Notice that the two pipeline results claim to have taken more CPU time (user+sys) than real wall-clock time. This is because I’m using the shell (bash)’s built-in ‘time’ command, which is cognizant of the pipeline; and I’m on a multi-core machine where separate processes in a pipeline can use separate cores, accumulating CPU time faster than realtime. Using /usr/bin/time I see smaller CPU time than realtime — showing that it can only time the single pipeline element passed to it on its command line. Also, the shell’s output gives milliseconds while /usr/bin/time only gives hundredths of a second.

So at the efficiency level of `wc -l`, the `cat` makes a huge difference: 409 / 283 = 1.453 or 45.3% more realtime, and 775 / 280 = 2.768, or a whopping 177% more CPU used! On my random it-was-there-at-the-time test box.

I should add that there is at least one other significant difference between these styles of testing, and I can’t say whether it is a benefit or fault; you have to decide this yourself:

When you run `cat big_file | /usr/bin/time my_program`, your program is receiving input from a pipe, at precisely the pace sent by `cat`, and in chunks no larger than written by `cat`.

When you run `/usr/bin/time my_program < big_file`, your program receives an open file descriptor to the actual file. Your program — or in many cases the I/O libraries of the language in which it was written — may take different actions when presented with a file descriptor referencing a regular file. It may use mmap(2) to map the input file into its address space, instead of using explicit read(2) system calls. These differences could have a far larger effect on your benchmark results than the small cost of running the `cat` binary.

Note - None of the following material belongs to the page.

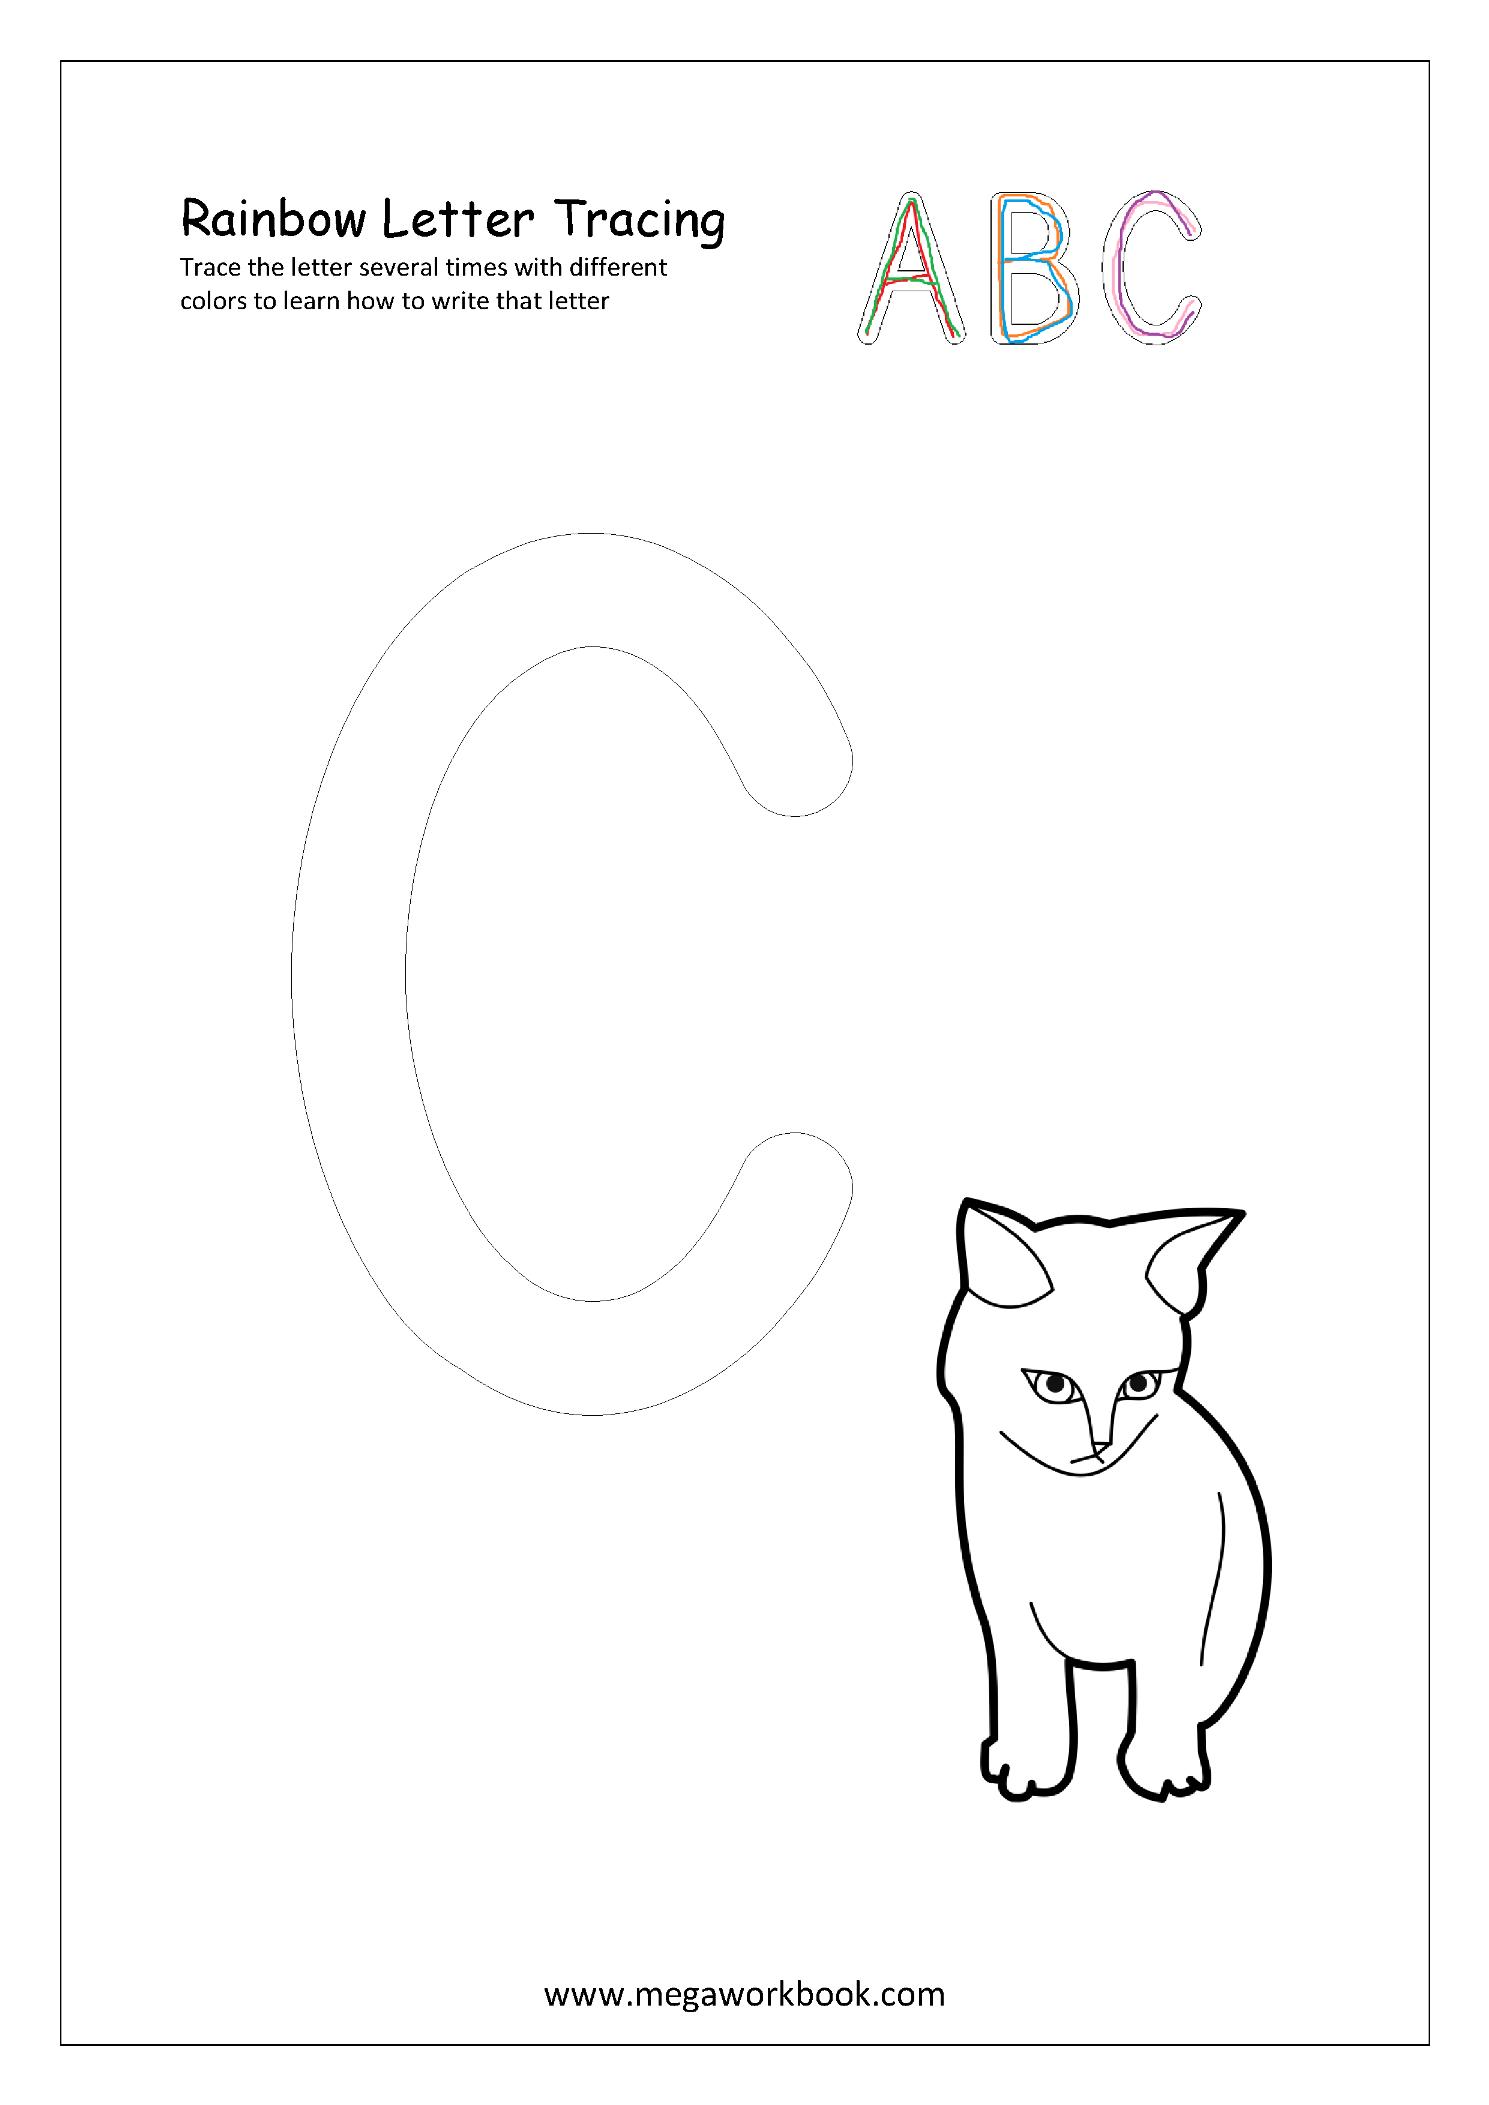 Free Printable Rainbow Writing Worksheets

Of course it is an interesting benchmark result if the same program performs significantly differently between the two cases. It shows that, indeed, the program or its I/O libraries are doing something interesting, like using mmap(). So in practice it might be good to run the benchmarks both ways; perhaps discounting the `cat` result by some small factor to “forgive” the cost of running `cat` itself.


回答 3

我在Mac上使用g ++在计算机上重现了原始结果。

while循环之前将以下语句添加到C ++版本,使其与Python版本内联:

std::ios_base::sync_with_stdio(false);
char buffer[1048576];
std::cin.rdbuf()->pubsetbuf(buffer, sizeof(buffer));

sync_with_stdio将速度提高到2秒,并且设置更大的缓冲区将其降低到1秒。

I reproduced the original result on my computer using g++ on a Mac.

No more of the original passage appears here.